«Pelearemos hasta el final por nuestro colegio»

«La consejería quiere estrangularnos y amortizar las plazas de los docentes que se jubilan», denuncian los centros Laviada y Asturias

A. VILLACORTAGIJÓN.
«Pelearemos hasta el final por nuestro colegio»

«Vamos a pelear hasta el final por nuestro colegio. Nos da igual que la Consejería de Educación lo entienda o no. Nosotros tenemos una responsabilidad moral para con nuestros colegios y para con nuestras familias. Creemos que los ciudadanos siempre deben tener la última palabra y nosotros somos una comunidad educativa y queremos seguir siéndolo». La directora del Colegio Público Asturias, Marta Elena Iglesias Hevia, salió ayer a la calle arropada por decenas de personas entre «docentes cabreados y familias sorprendidas». Tanto del centro que dirige como del vecino Colegio Público Laviada. Coreando consignas y portando pancartas, con silbatos, bocinas, megáfonos y hasta cacerolas, intentando hacer ruido para ser escuchados.

Los dos centros públicos se cuentan entre los damnificados por la planificación de las plantillas docentes realizada por la Consejería de Educación del Principado de cara al próximo curso, y que, en su caso, se traduce, incluso, en la pérdida de una de sus dos unidades de Educación Infantil que no están dispuestos a permitir.

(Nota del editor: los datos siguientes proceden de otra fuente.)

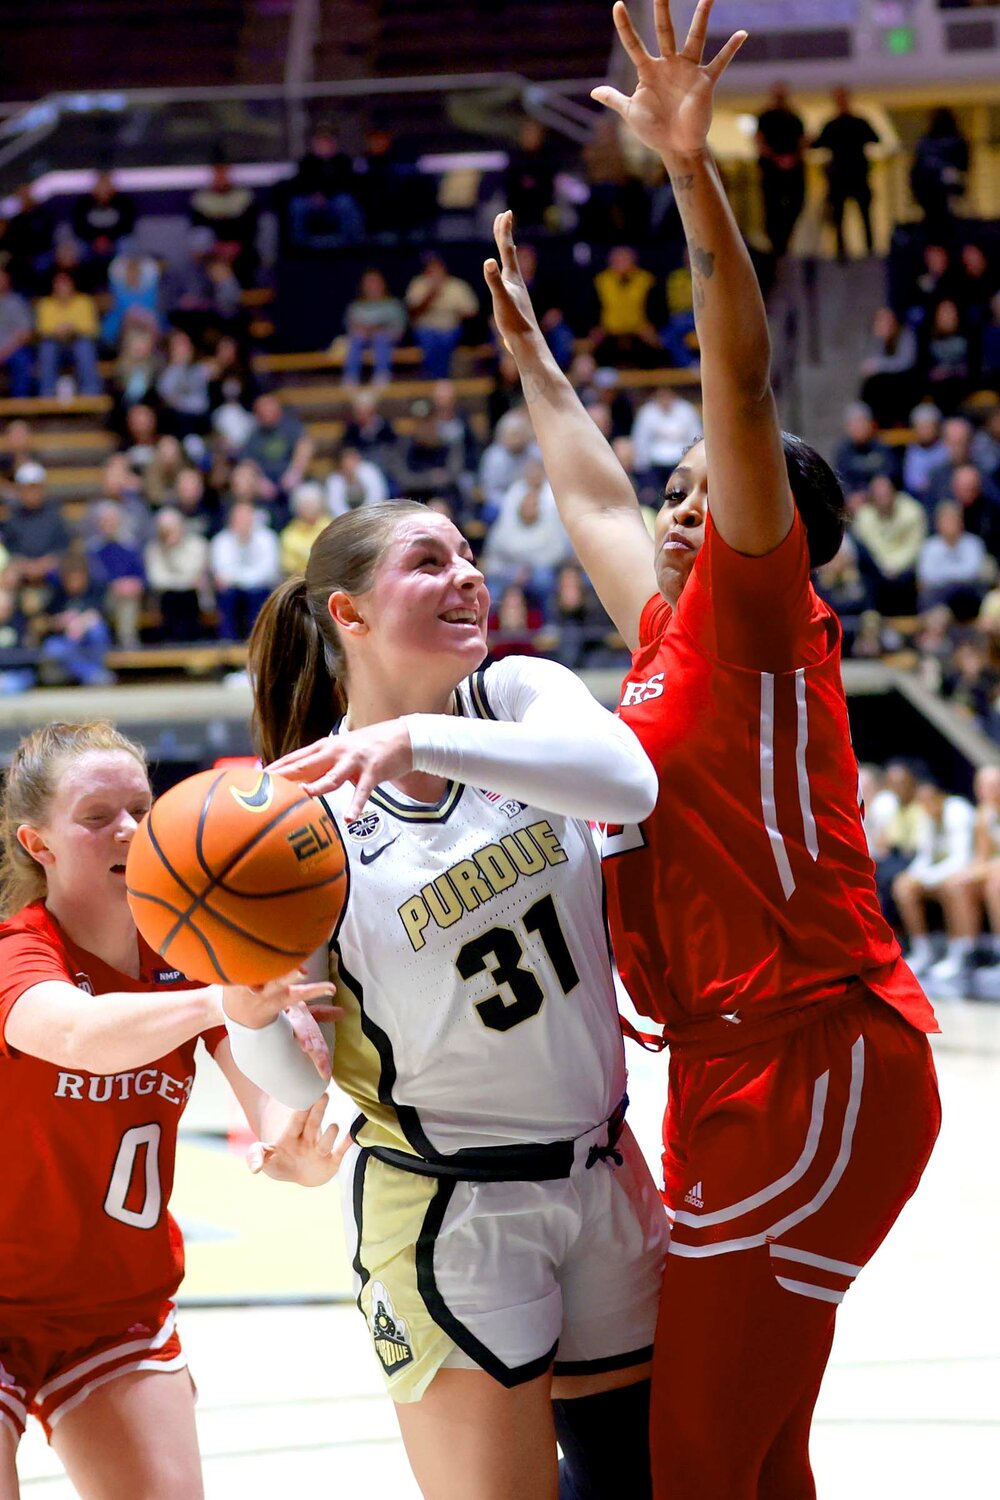 Sophie Swanson of Purdue - being fouled on lay-up by Kassondra Brown of Rutgers

«Estamos preparados para dar la batalla hasta el último día y tenemos los ánimos altos», confirmaba la responsable del centro educativo antes de que los manifestantes cortasen la calle Carlos Marx poco después de las dos de la tarde y alrededor de unos veinte minutos, una medida de presión que están dispuestos a repetir todos los jueves y a la que ya han invitado a todos los centros públicos «afectados por las medidas de recorte como Los Pericones, que también perdería unidades, La Calzada, Montevil o el Colegio Público Severo Ochoa».

Además de los docentes, que ven peligrar decenas de puestos de trabajo, allí estaban muchos padres y madres -incluso abuelas combativas se pudieron ver en la protesta- que corearon lemas contra la reducción de tres maestros en el Laviada y otros dos docentes en el Asturias y que, como Jesús Fernández, reclamaban el «derecho a decidir» en qué centro estudiarán sus hijos e hijas. Porque, según denuncian, mucho se temen que «lo que pretende la consejería es estrangular a los centros públicos, para que pasen a tener una única unidad por curso, y amortizar las plazas de los docentes que se jubilan para sustituirlas por interinos, que hacen un magnífico trabajo, pero con los que se incrementa la inestabilidad laboral».

Según la directora del Asturias, un recorte de unidades sería entendible una vez que se conozca la demanda de alumnado de cada centro, pero no a priori, «porque yo lo valgo, sin ninguna explicación». Desde el Laviada explicaban que los condenan a atender al mismo alumnado que escolarizan otros colegios hasta con seis profesores menos. La elaboración de un manifiesto conjunto, porque saben que la unión hace la fuerza, y una recogida de firmas están sus medidas inminentes de presión.